··· THE DATA ···

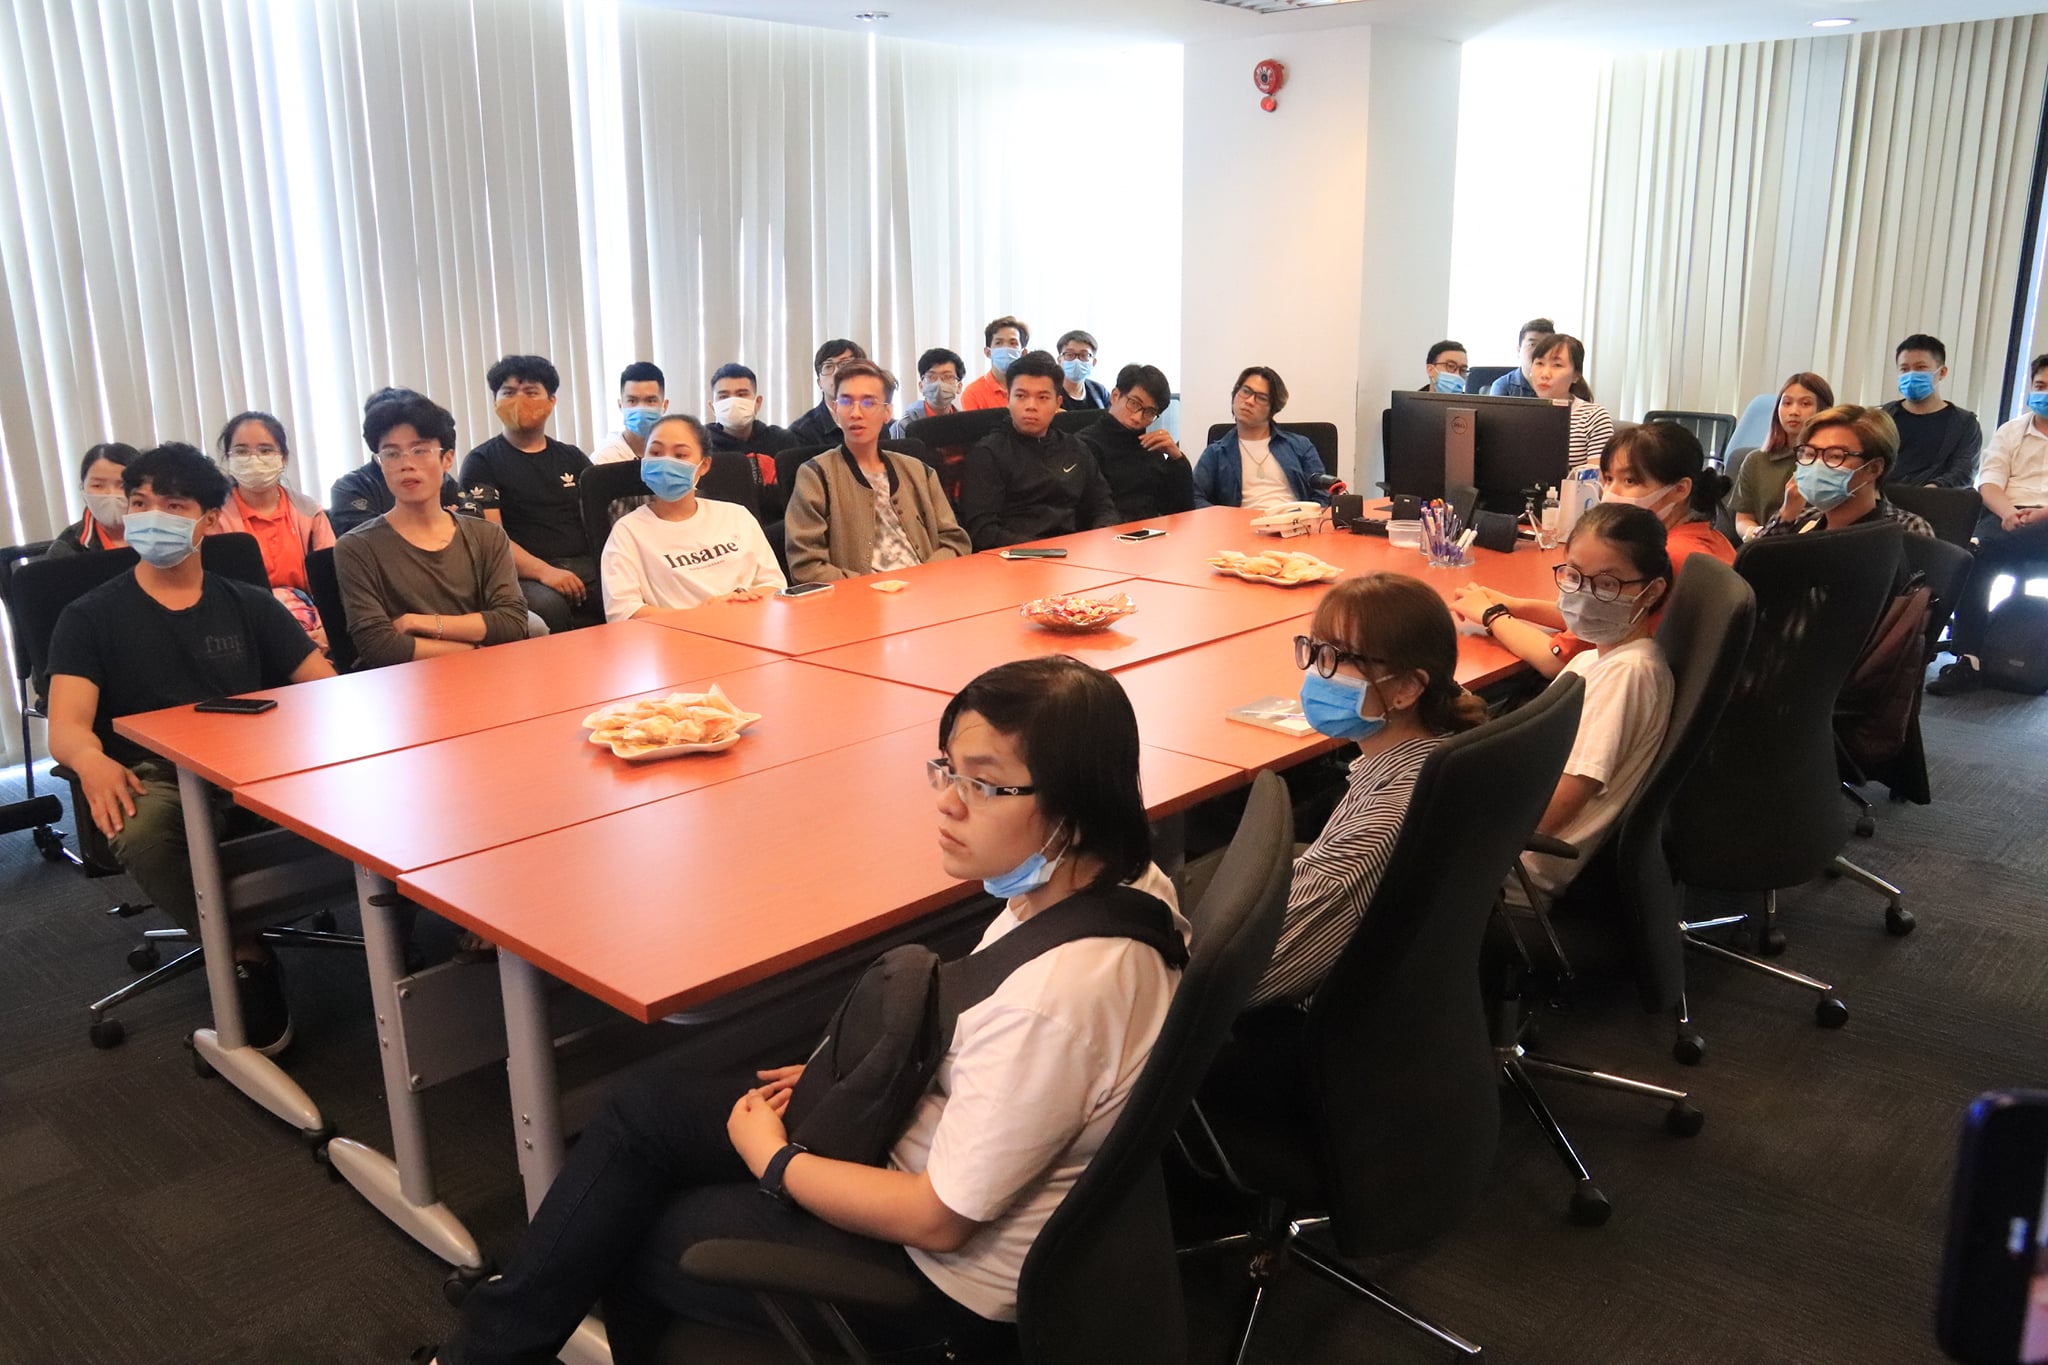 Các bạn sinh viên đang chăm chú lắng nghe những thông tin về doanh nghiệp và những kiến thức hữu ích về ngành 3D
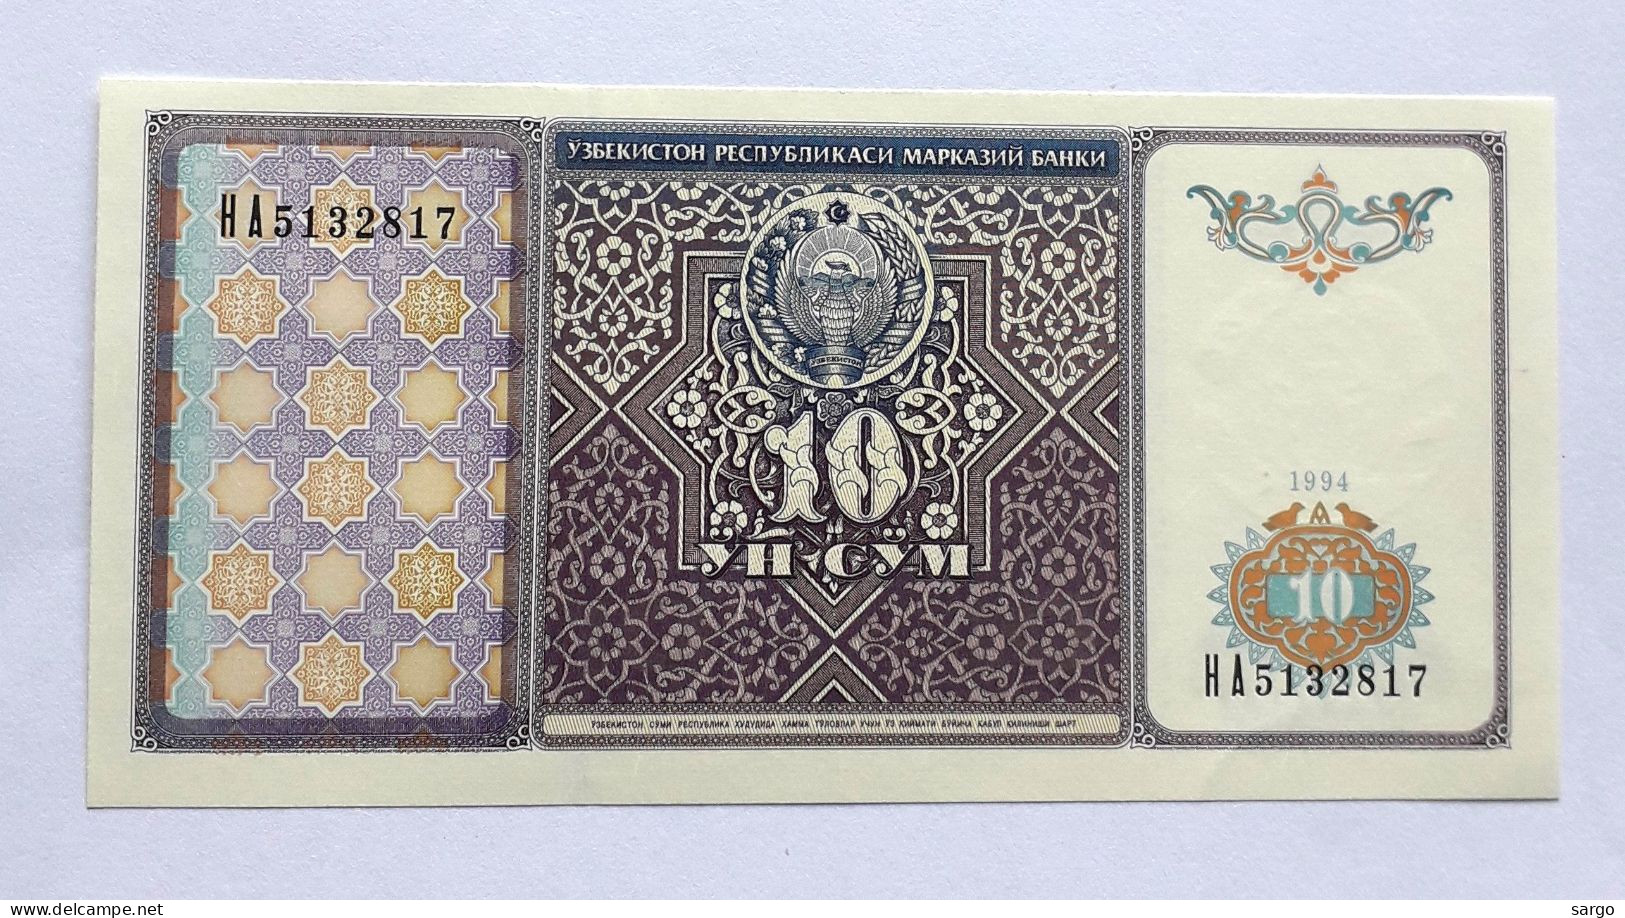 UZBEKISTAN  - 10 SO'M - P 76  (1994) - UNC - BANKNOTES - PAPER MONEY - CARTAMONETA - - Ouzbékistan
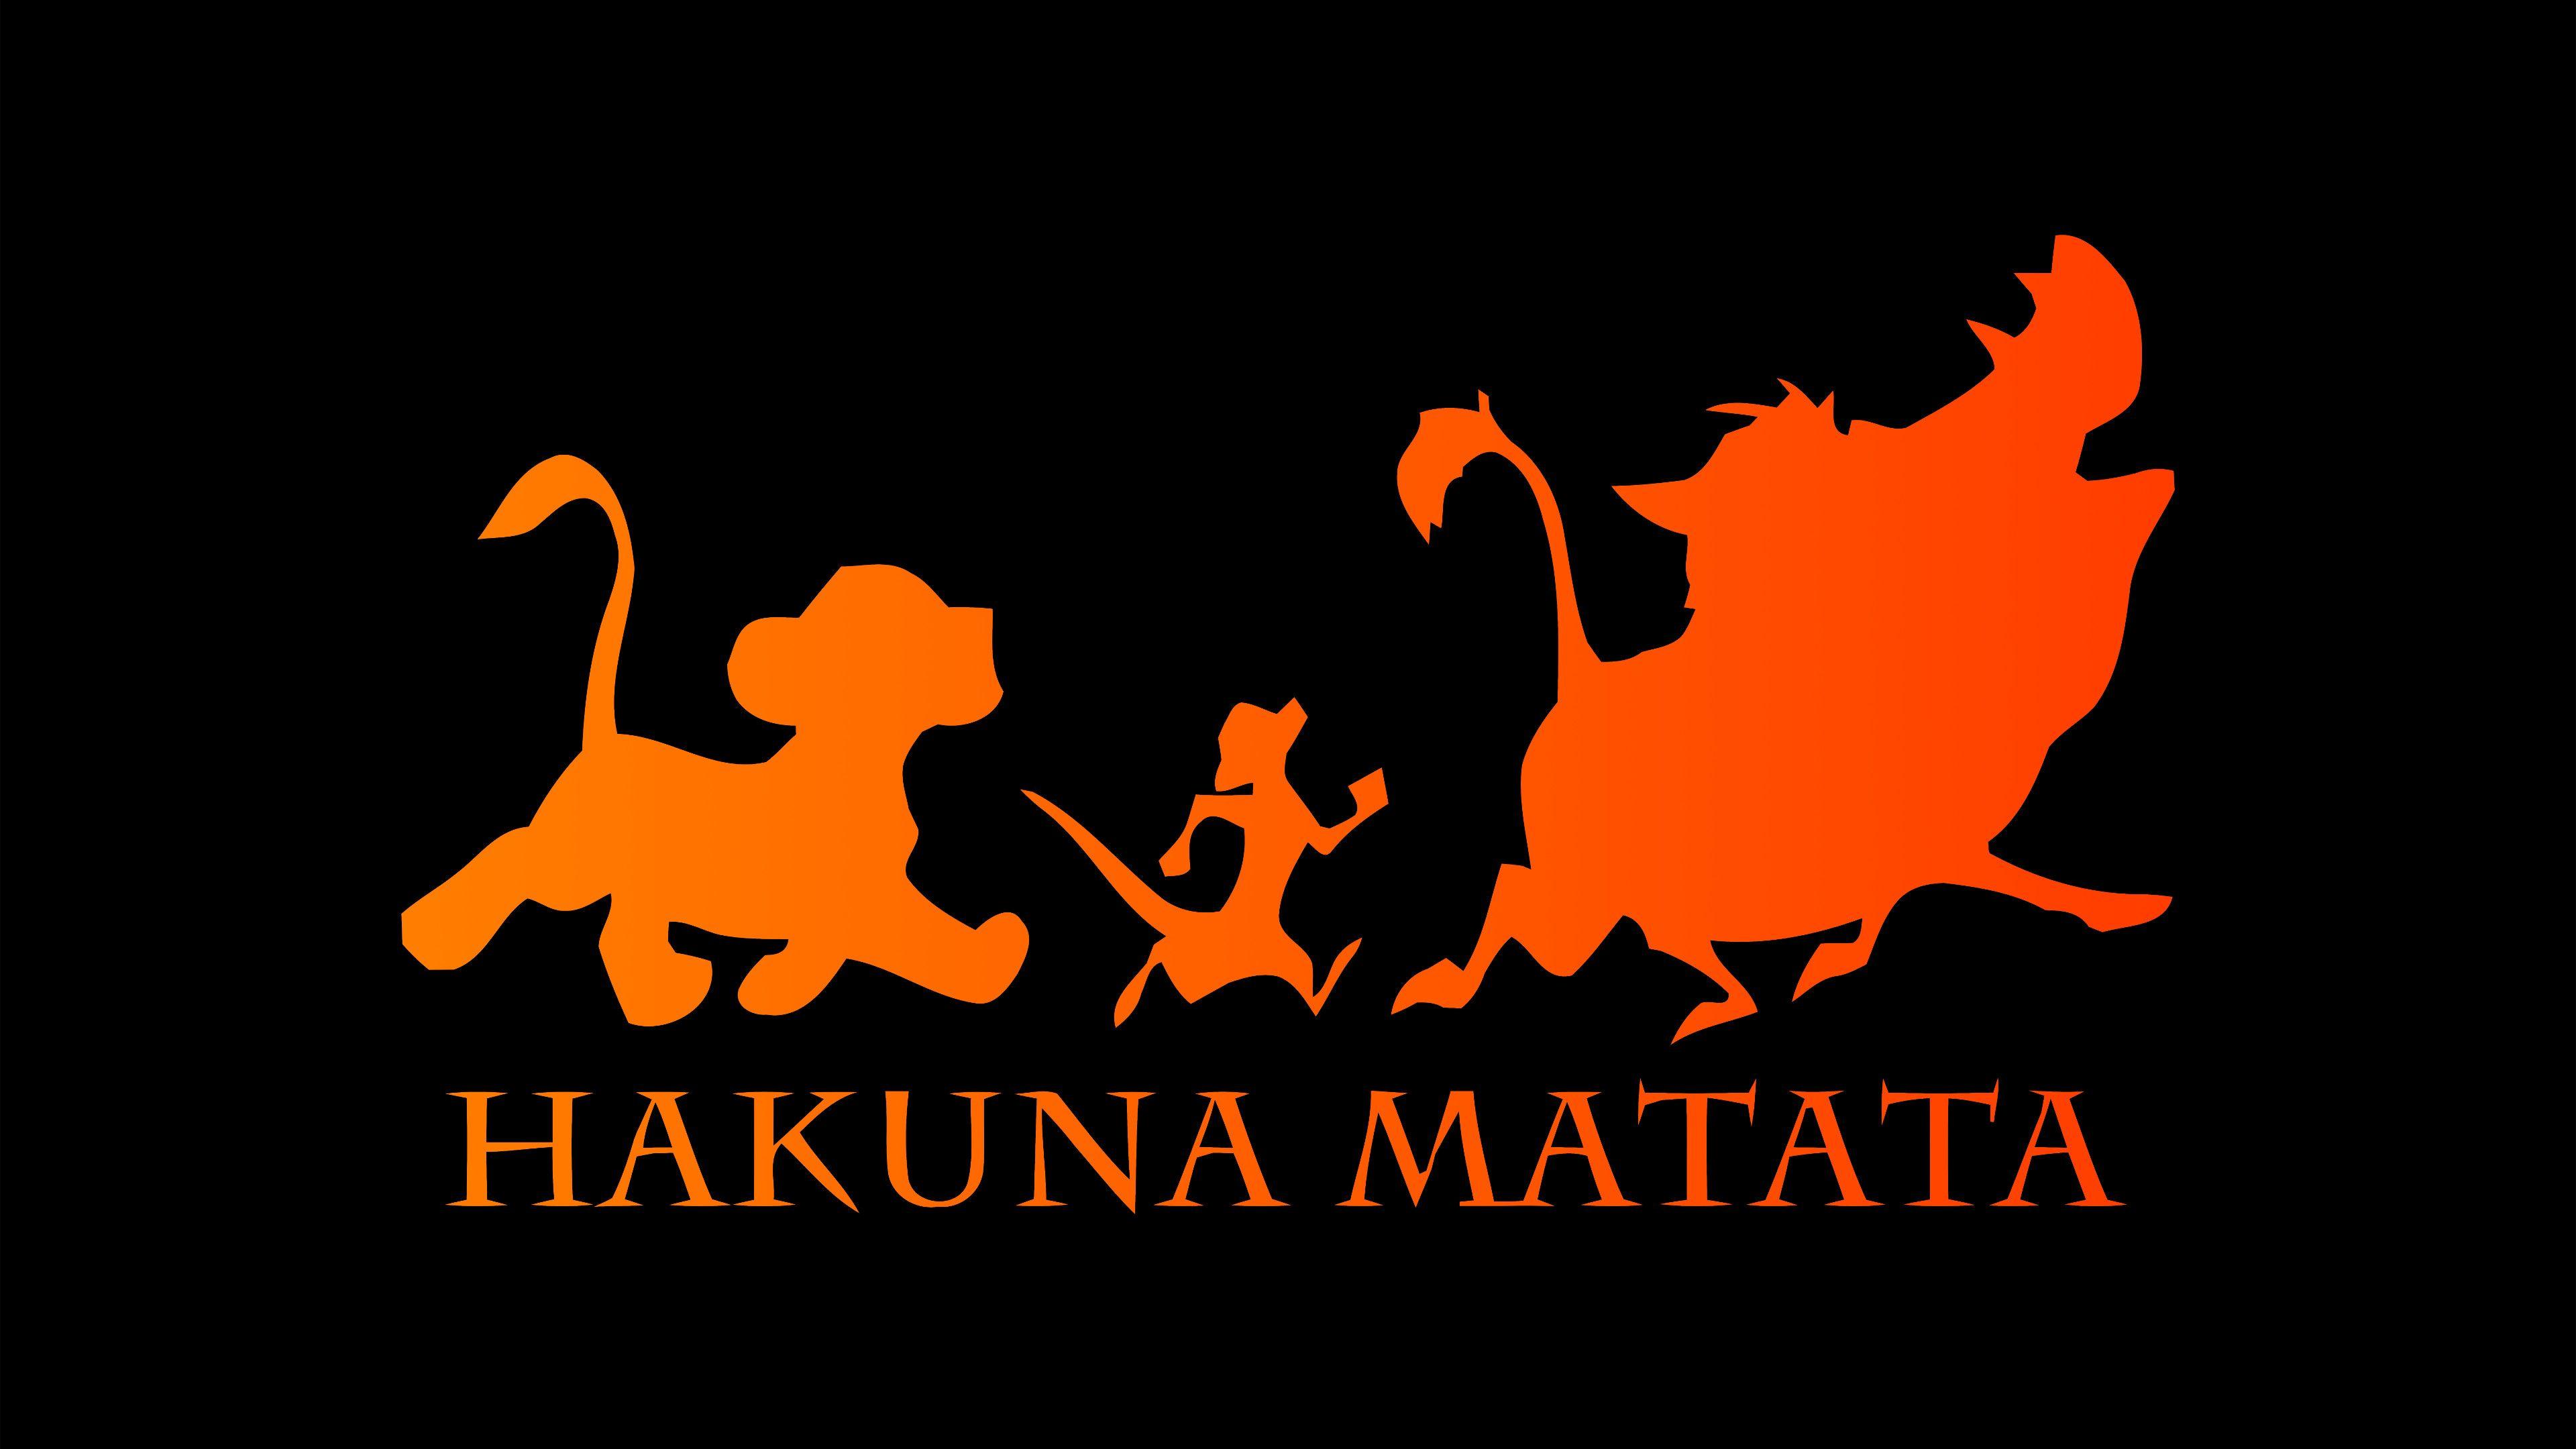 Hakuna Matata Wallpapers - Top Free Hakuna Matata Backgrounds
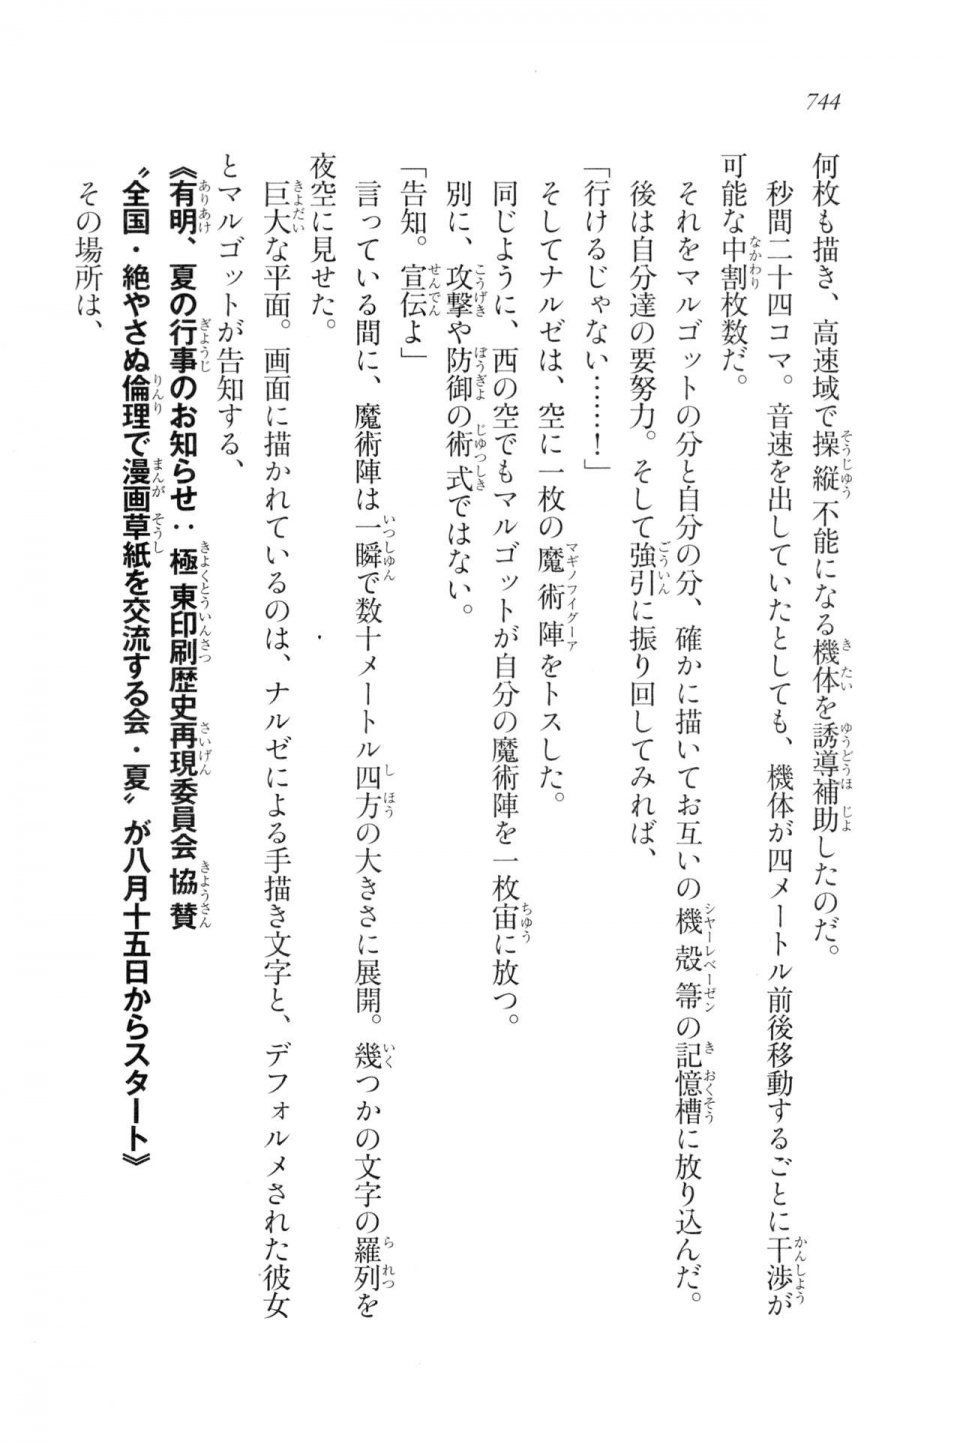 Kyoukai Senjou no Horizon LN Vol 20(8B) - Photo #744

···

## [WHAT NEEDS TO BE DONE]
Without the pictures, transcribe exactly the lines above from the one containing "Hakuna Matata Wallpapers" through the last.

## [REPLY]
 Hakuna Matata Wallpapers - Top Free Hakuna Matata Backgrounds
 Kyoukai Senjou no Horizon LN Vol 20(8B) - Photo #744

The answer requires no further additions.